The most straightforward method is to delete the existing job and recreate it:

kubectl delete job dbload
kubectl create -f dbload-deployment.yml --record

2. Use Job TTL Controller (Kubernetes 1.12+)

For clusters running Kubernetes 1.12 or later, you can use the TTL-after-finished controller:

apiVersion: batch/v1
kind: Job
metadata:
  name: dbload
spec:
  ttlSecondsAfterFinished: 60  # Job will be deleted 60 seconds after completion
  template:
    # rest of your job spec

3. Create a CronJob Instead

If you need regular execution, consider using a CronJob:

apiVersion: batch/v1beta1
kind: CronJob
metadata:
  name: dbload
spec:
  schedule: "0 * * * *"  # Run hourly
  jobTemplate:
    spec:
      template:
        # Your existing job spec here

For more complex scenarios, you might consider these approaches:

Using kubectl replace

You can modify and replace the existing job:

kubectl get job dbload -o yaml > job.yaml
# Modify job.yaml to reset status
kubectl replace --force -f job.yaml

Programmatic Job Restart

Here's a Python example using the Kubernetes Python client:

from kubernetes import client, config

config.load_kube_config()
batch_v1 = client.BatchV1Api()

# Delete existing job
batch_v1.delete_namespaced_job(
    name="dbload",
    namespace="default",
    body=client.V1DeleteOptions()
)

# Create new job
with open("dbload-deployment.yml") as f:
    job_manifest = yaml.safe_load(f)
batch_v1.create_namespaced_job(namespace="default", body=job_manifest)
  • Always include resource limits in your Job specifications
  • Consider adding proper labels for easier management
  • For production environments, implement proper logging and monitoring
  • Use ConfigMaps or Secrets for configuration rather than hardcoding in the Job spec

Kubernetes Jobs are designed to run to completion and then persist in the cluster with a Completed status. This is different from Deployments which are meant for long-running applications.
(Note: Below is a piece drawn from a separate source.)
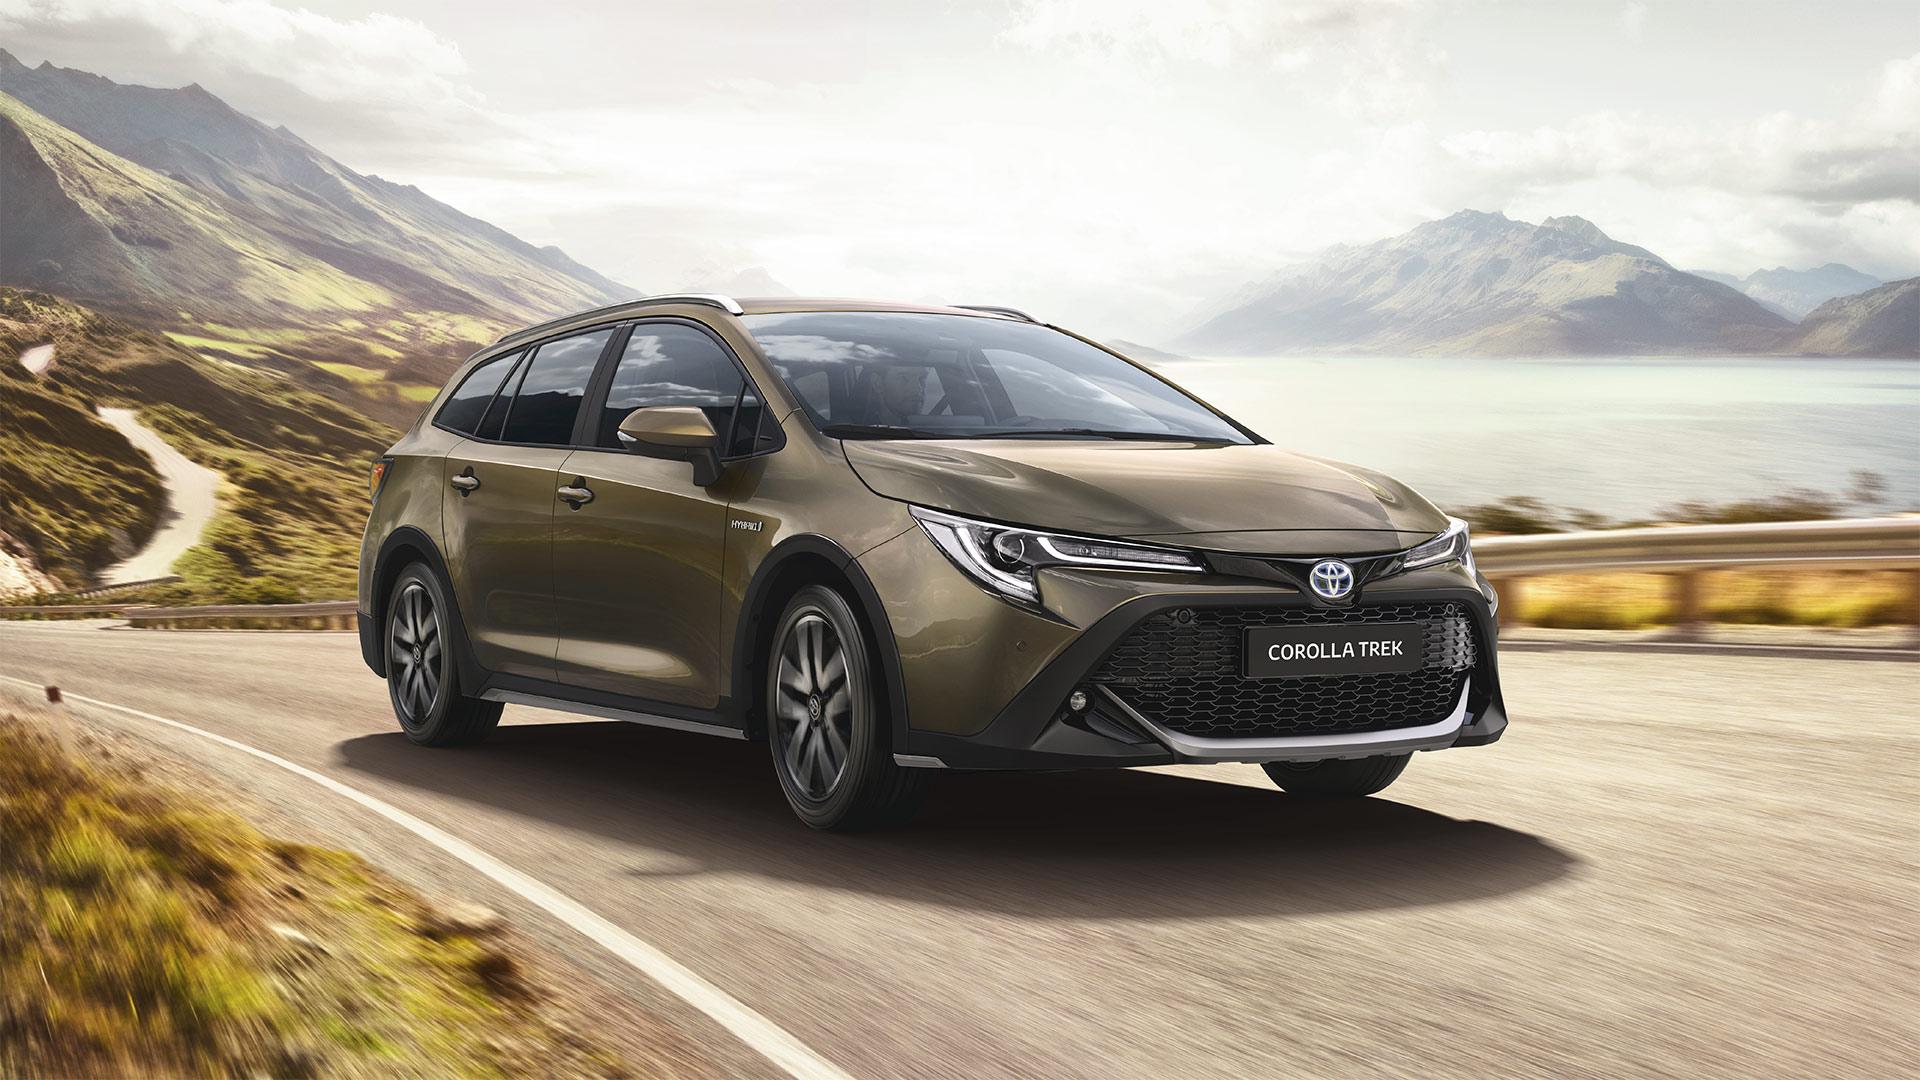 Toyota Corolla Trek já disponível em Portugal

When you check your job status:

$ kubectl get job dbload
NAME      DESIRED   SUCCESSFUL   AGE
dbload    1         1            1h

The job remains in the cluster as a record of completed work, which is why you can't simply recreate it with the same name.

Here are three practical methods to rerun your job:

1. Delete and Recreate

The most straightforward approach:

kubectl delete job dbload
kubectl create -f dbload-deployment.yml --record

2. Use Job TTL Controller (Kubernetes 1.12+)

Add TTL to automatically clean up completed jobs:

apiVersion: batch/v1
kind: Job
metadata:
  name: dbload
spec:
  ttlSecondsAfterFinished: 60  # Delete 60 seconds after completion
  template:
    # ... rest of your spec

3. Create Jobs Programmatically

For frequent reruns, consider generating unique job names:

apiVersion: batch/v1
kind: Job
metadata:
  name: dbload-$(date +%s)  # Unique timestamp suffix
spec:
  # ... rest of your spec

If you need to run the job periodically, convert it to a CronJob:

apiVersion: batch/v1beta1
kind: CronJob
metadata:
  name: dbload
spec:
  schedule: "0 * * * *"  # Run hourly
  jobTemplate:
    spec:
      template:
        # ... your existing pod template
  • Completed jobs consume etcd storage space
  • Job history is valuable for auditing and debugging
  • Consider adding labels for better job management

For special cases, you can reset job status (not recommended for production):

kubectl patch job dbload --type=json -p='[{"op": "remove", "path": "/status"}]'

Remember that Kubernetes intentionally makes jobs immutable after completion to maintain accurate execution history.